Wetzig Andrew, Alaiya Ayodele, Al-Alwan Monther, Pradez Christian Benedict, Pulicat Manogaran S, Al-Mazrou Amer, Shinwari Zakia, Sleiman Ghida Majed, Ghebeh Hazem, Al-Humaidan Hind, Gaafar Ameera, Kanaan Imaduddin, Adra Chaker
Stem Cell & Tissue Re-engineering Program, King Faisal Specialist Hospital and Research Centre, PO Box 3354, Riyadh 11211, Kingdom of Saudi Arabia.
BMC Cell Biol. 2013 Dec 5;14:54. doi: 10.1186/1471-2121-14-54.

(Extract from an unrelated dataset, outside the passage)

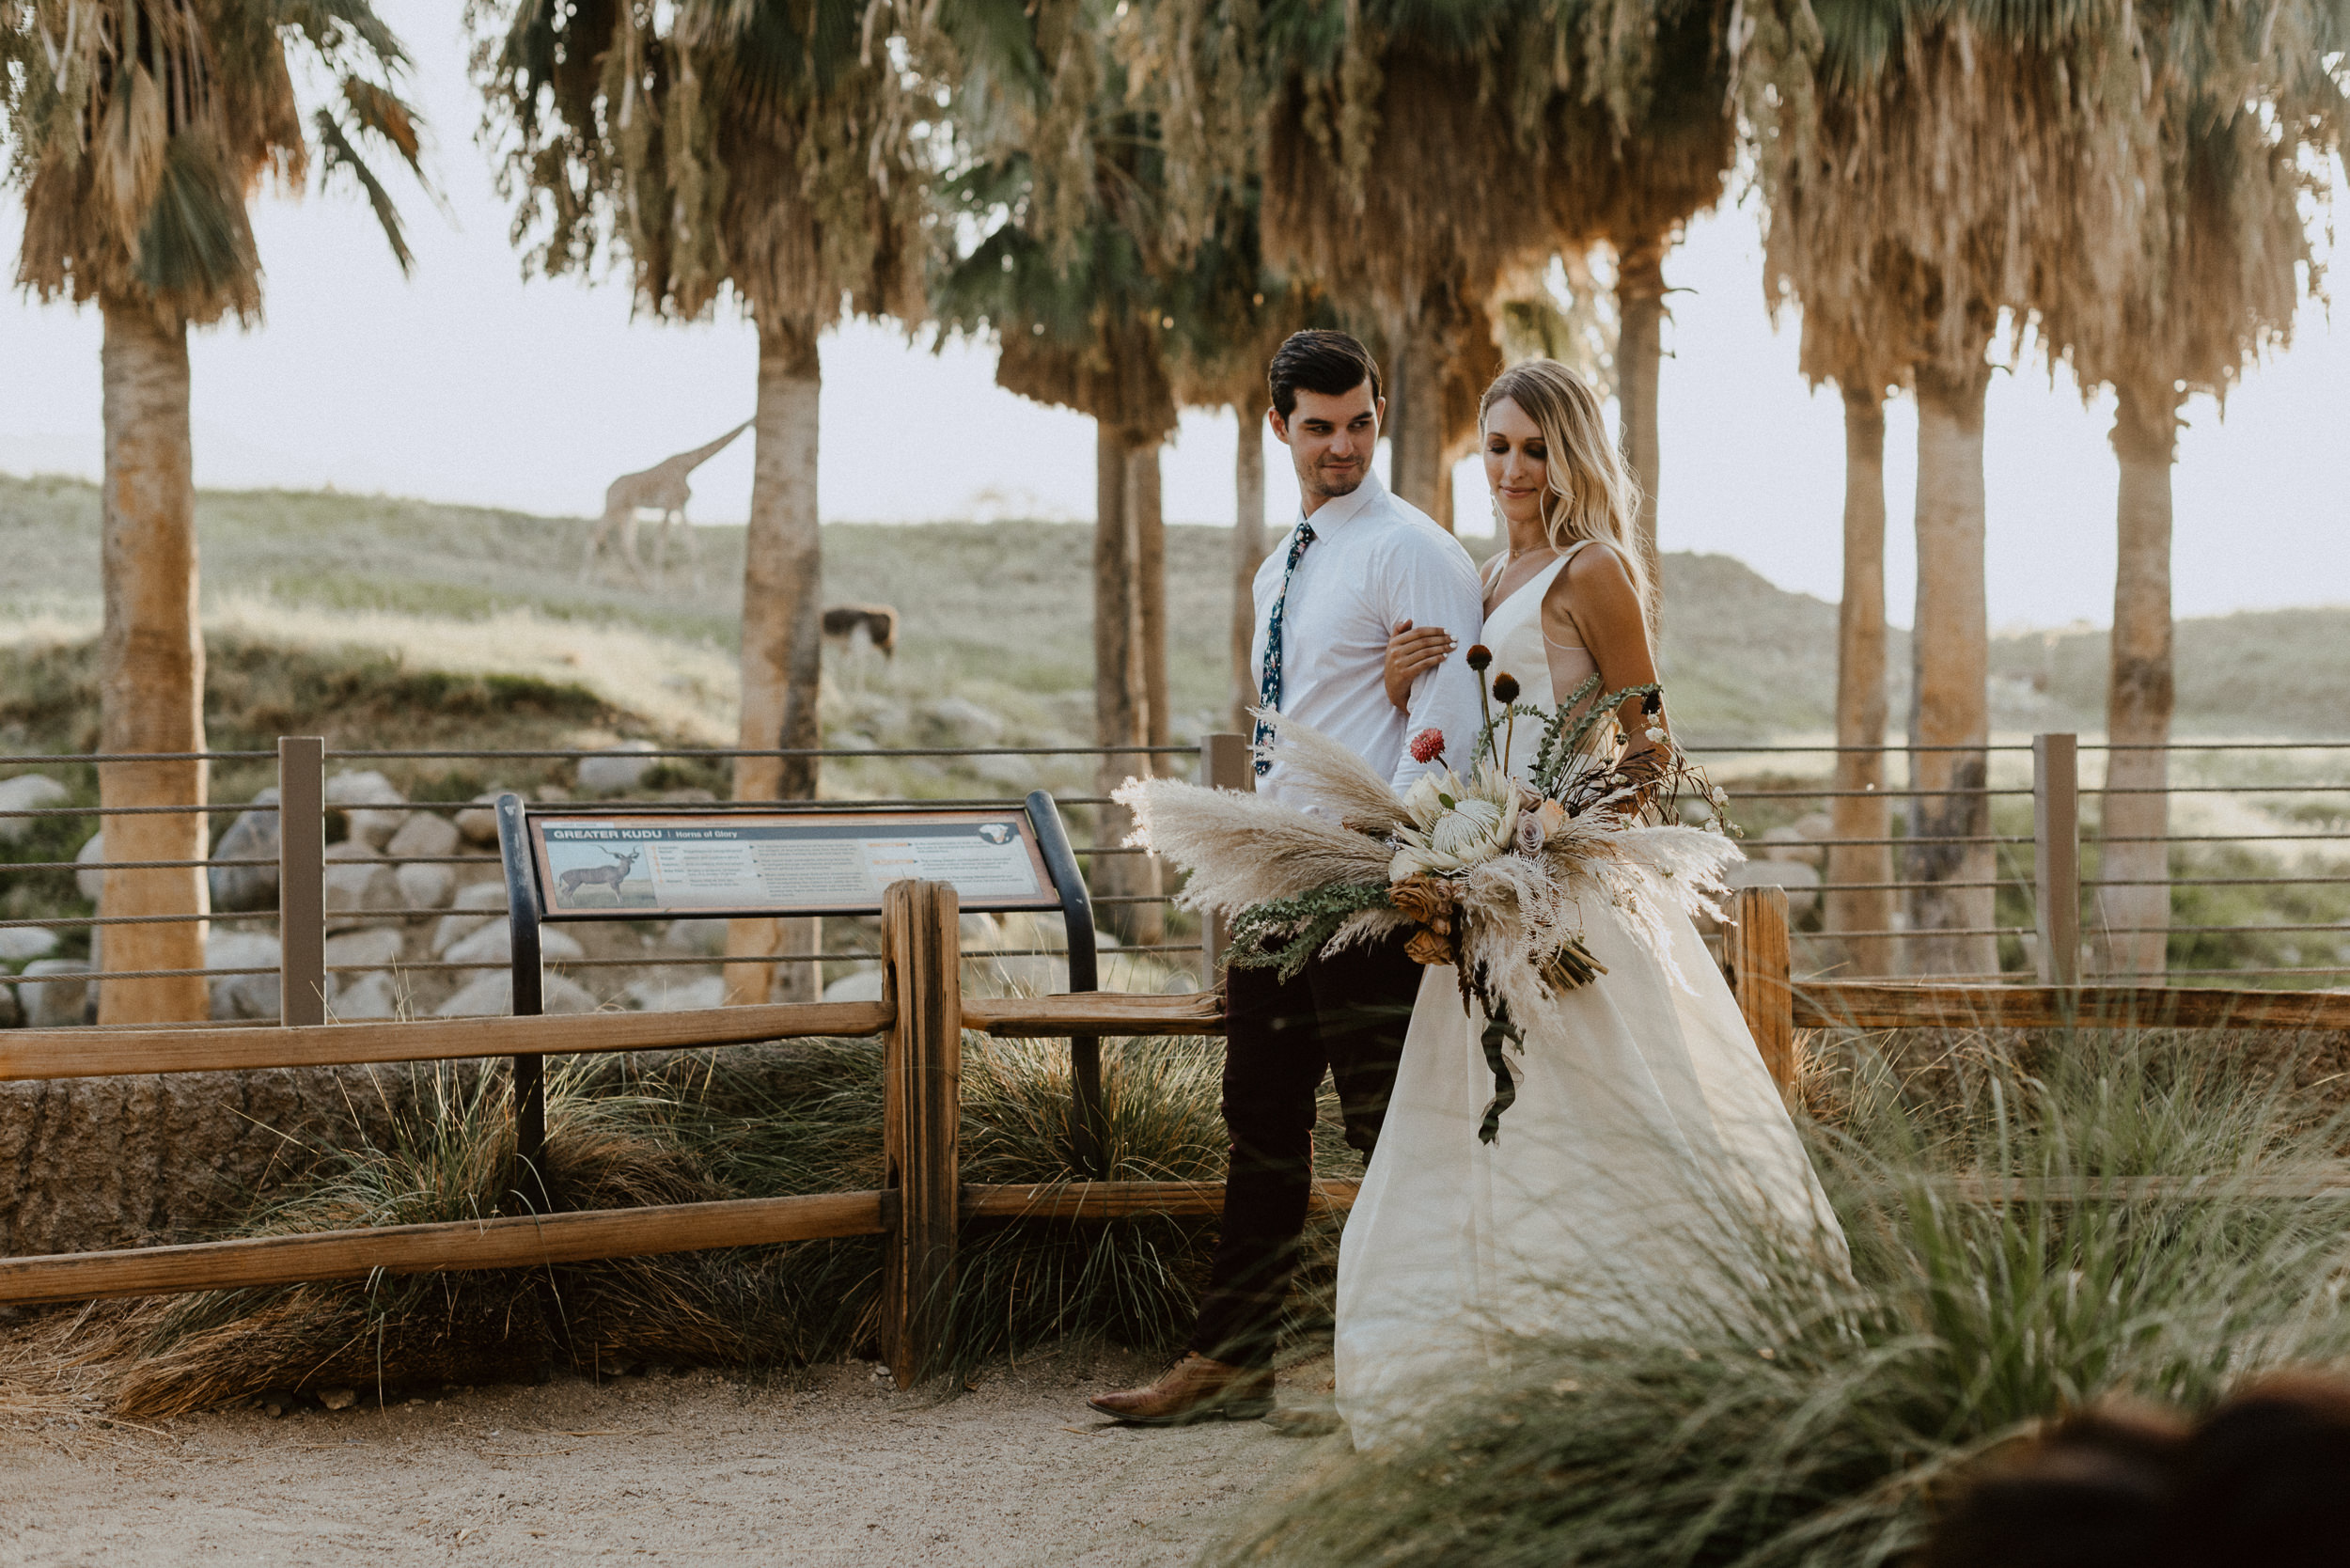 sChelsie + Chris - The Desert Shootout Wedding Romantics at The Living Desert-126.jpg

Mesenchymal stem cells have properties that make them amenable to therapeutic use. However, the acceptance of mesenchymal stem cells in clinical practice requires standardized techniques for their specific isolation. To date, there are no conclusive marker (s) for the exclusive isolation of mesenchymal stem cells. Our aim was to identify markers differentially expressed between mesenchymal stem cell and non-stem cell mesenchymal cell cultures. We compared and contrasted the phenotype of tissue cultures in which mesenchymal stem cells are rich and rare. By initially assessing mesenchymal stem cell differentiation, we established that bone marrow and breast adipose cultures are rich in mesenchymal stem cells while, in our hands, foreskin fibroblast and olfactory tissue cultures contain rare mesenchymal stem cells. In particular, olfactory tissue cells represent non-stem cell mesenchymal cells. Subsequently, the phenotype of the tissue cultures were thoroughly assessed using immuno-fluorescence, flow-cytometry, proteomics, antibody arrays and qPCR.
Our analysis revealed that all tissue cultures, regardless of differentiation potential, demonstrated remarkably similar phenotypes. Importantly, it was also observed that common mesenchymal stem cell markers, and fibroblast-associated markers, do not discriminate between mesenchymal stem cell and non-stem cell mesenchymal cell cultures. Examination and comparison of the phenotypes of mesenchymal stem cell and non-stem cell mesenchymal cell cultures revealed three differentially expressed markers - CD24, CD108 and CD40.
We indicate the importance of establishing differential marker expression between mesenchymal stem cells and non-stem cell mesenchymal cells in order to determine stem cell specific markers.
间充质干细胞具有适合治疗用途的特性。然而,间充质干细胞在临床实践中的应用需要标准化的特定分离技术。迄今为止,尚无用于间充质干细胞特异性分离的确切标志物。我们的目的是鉴定间充质干细胞与非干细胞间充质细胞培养物之间差异表达的标志物。我们比较并对比了间充质干细胞丰富和稀少的组织培养物的表型。通过初步评估间充质干细胞的分化,我们确定骨髓和乳腺脂肪培养物富含间充质干细胞,而在我们的研究中,包皮成纤维细胞和嗅觉组织培养物中含有稀少的间充质干细胞。特别是,嗅觉组织细胞代表非干细胞间充质细胞。随后,使用免疫荧光、流式细胞术、蛋白质组学、抗体阵列和定量聚合酶链反应对组织培养物的表型进行了全面评估。
我们的分析表明,所有组织培养物,无论其分化潜能如何,都表现出非常相似的表型。重要的是,还观察到常见的间充质干细胞标志物和成纤维细胞相关标志物并不能区分间充质干细胞和非干细胞间充质细胞培养物。对间充质干细胞和非干细胞间充质细胞培养物的表型进行检查和比较,发现了三种差异表达的标志物——CD24、CD108和CD40。
我们指出了确定间充质干细胞和非干细胞间充质细胞之间差异标志物表达对于确定干细胞特异性标志物的重要性。